Prise isolément, la question de savoir quels états mentaux sont englobés par l’expression « maladie mentale » est une question de droit. Toutefois, le juge du procès doit également déterminer si l’état dans lequel l’accusé prétend s’être trouvé satisfait au critère juridique de la maladie mentale. Il lui faut alors évaluer la preuve présentée dans l’affaire dont il est saisi, au lieu d’un principe général de droit, de sorte qu’il s’agit d’une question mixte de droit et de fait. […] La question de savoir si l’accusé souffrait véritablement d’une maladie mentale est une question de fait qui doit être tranchée par le juge des faits. [référence omise; par. 197.]

La défense prévue à l’article 16 C. cr. : une exception au principe général de l’imputabilité pénale

R. c. Bouchard-Lebrun, 2011 CSC 58 (CanLII)

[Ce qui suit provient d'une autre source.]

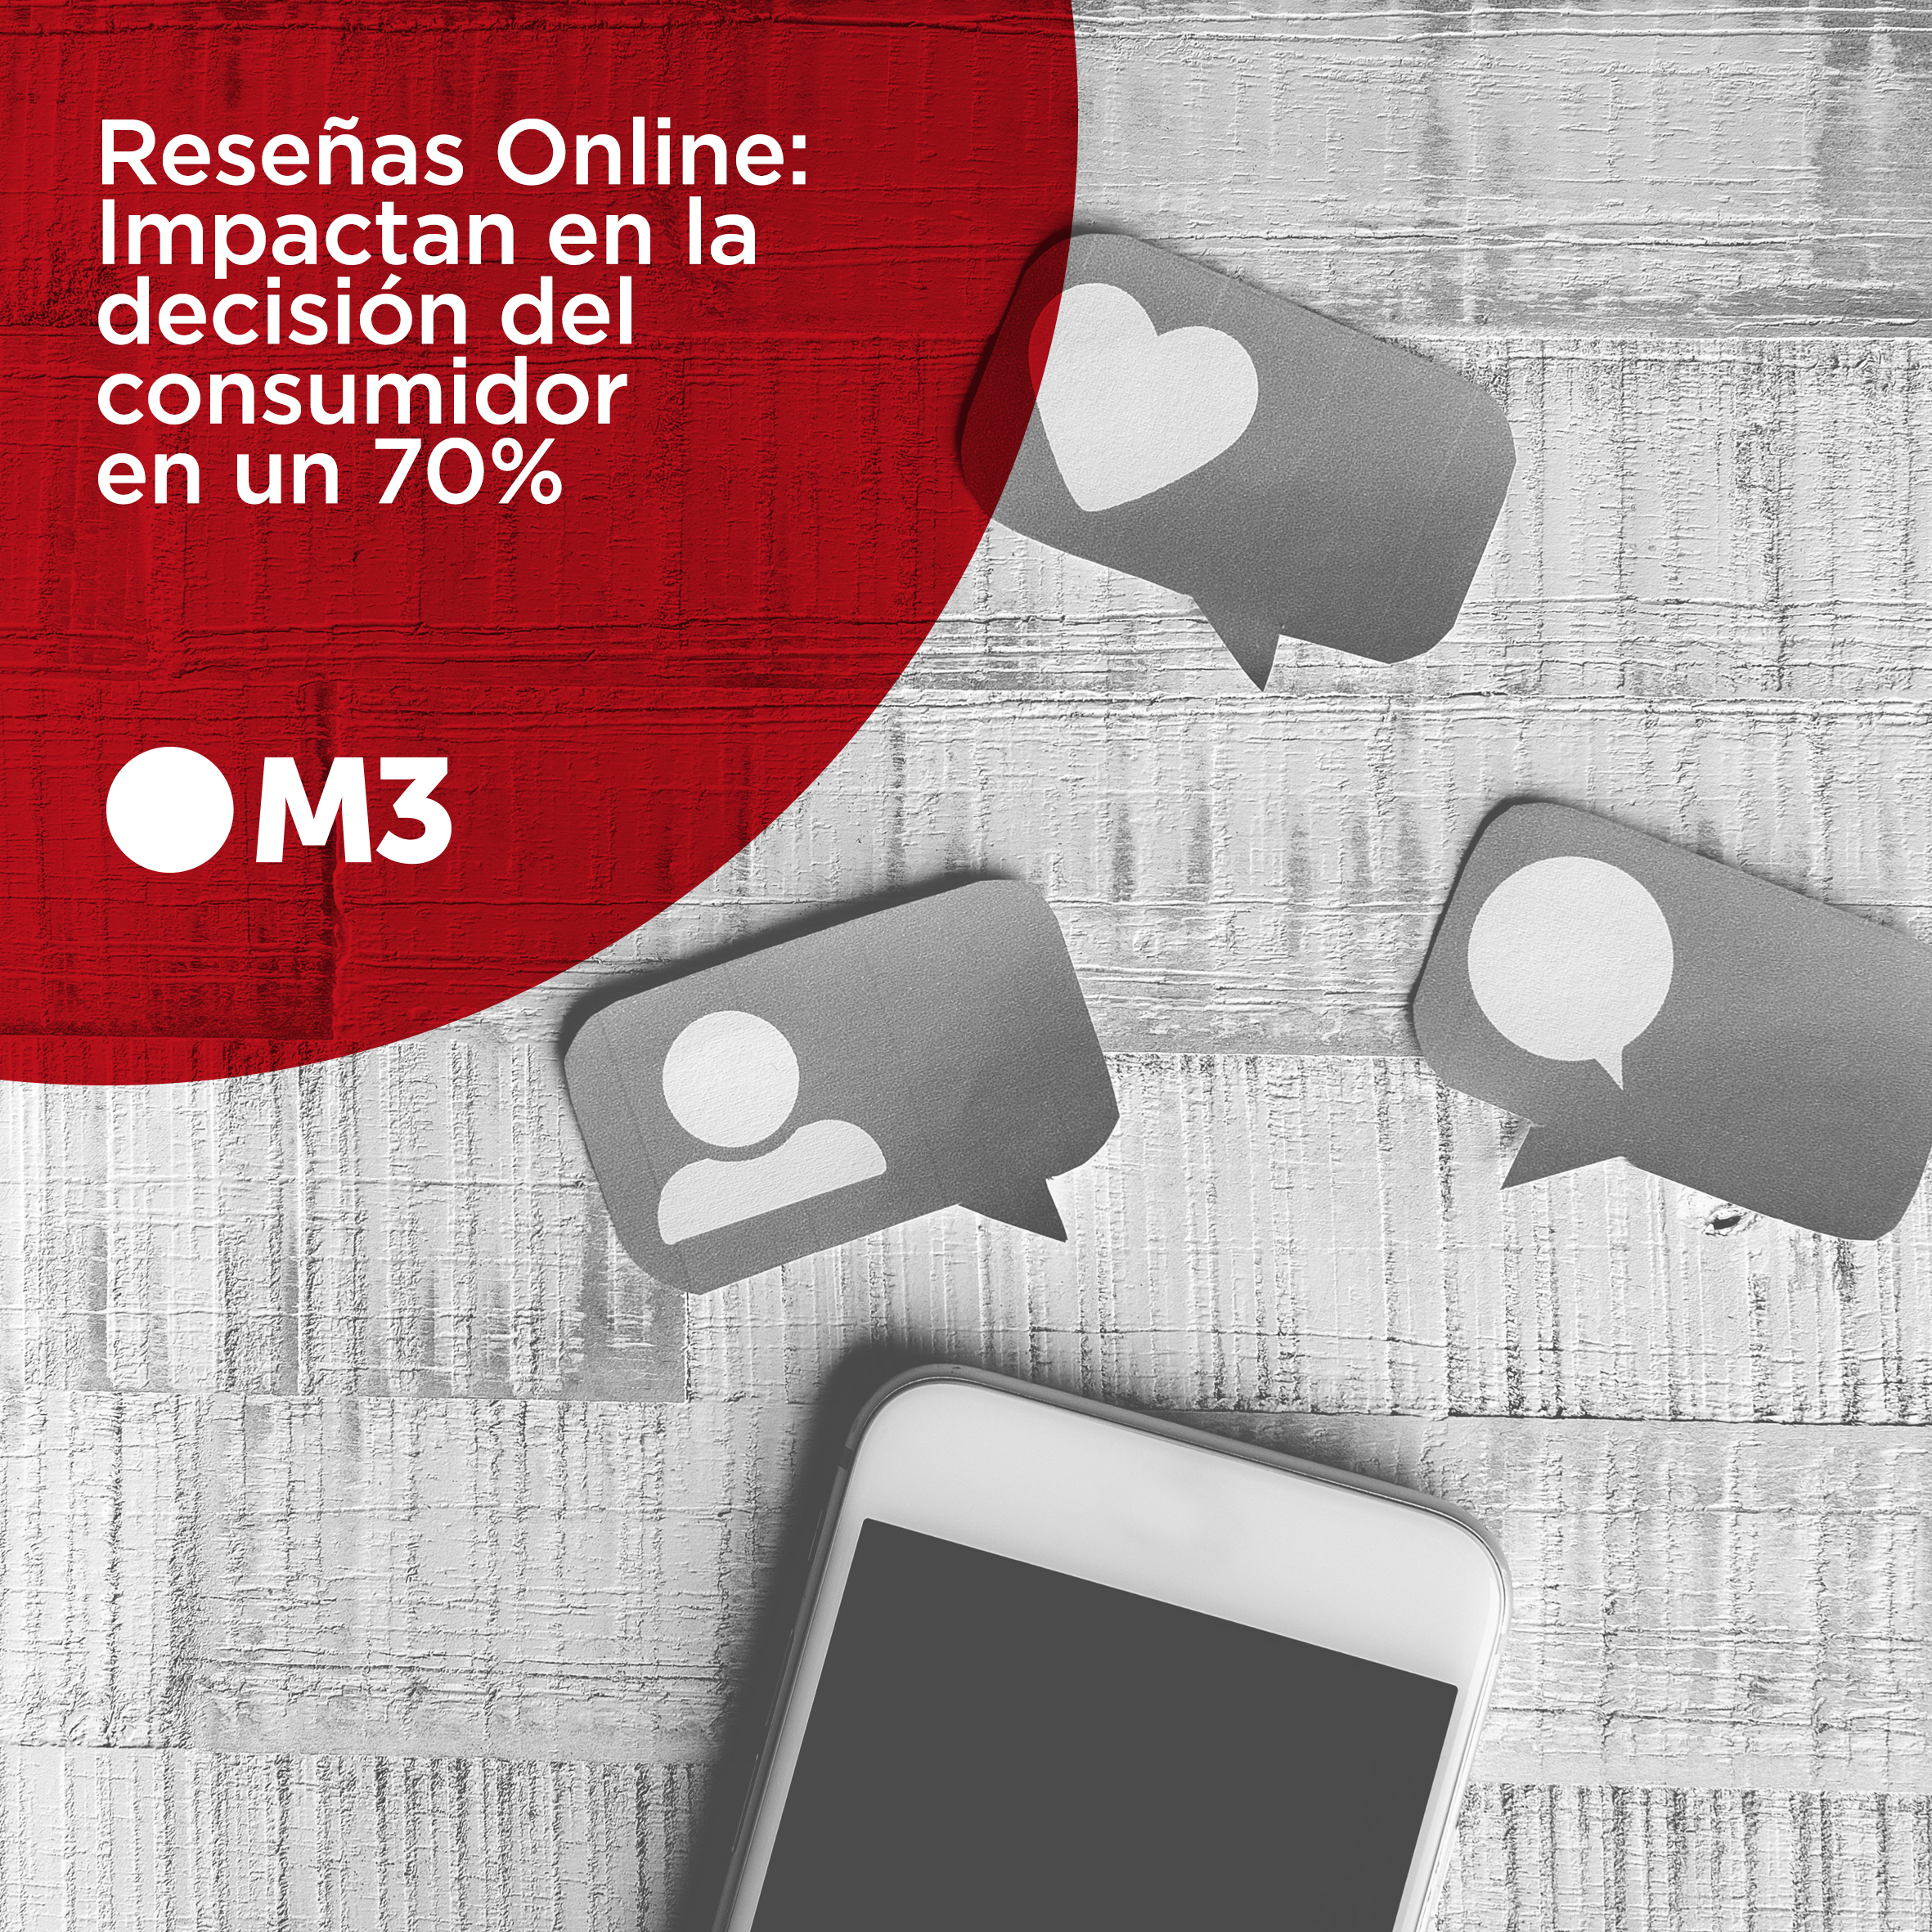 Reseñas Online: impactan en la decisión del consumidor en un 70%

[45] En effet, une règle traditionnelle et fondamentale de common law subordonne l’imputabilité en matière pénale à la commission d’un acte volontaire par l’accusé. (...)

[46] Pour qu’un acte soit considéré comme volontaire en droit pénal, il doit nécessairement être le produit de la volonté libre de l’accusé. Comme le juge Taschereau l’a affirmé dans l’arrêt R. c. King, 1962 CanLII 16 (SCC), [1962] R.C.S. 746, [traduction] « il ne peut y avoir d’actus reus à moins qu’il ne résulte d’un esprit apte à former une intention et libre de faire un choix ou de prendre une décision bien déterminée ou, autrement dit, il doit y avoir une volonté d’accomplir un acte, que l’accusé ait su ou non qu’il était prohibé par la loi » (p. 749). Cela signifie qu’un acte involontaire ne peut engager la responsabilité pénale de son auteur (voir les motifs dissidents du juge Dickson dans l’arrêt Rabey c. La Reine, 1980 CanLII 44 (CSC), [1980] 2 R.C.S. 513, tels qu’endossés sur ce point dans l’arrêt R. c. Parks, 1992 CanLII 78 (CSC), [1992] 2 R.C.S. 871).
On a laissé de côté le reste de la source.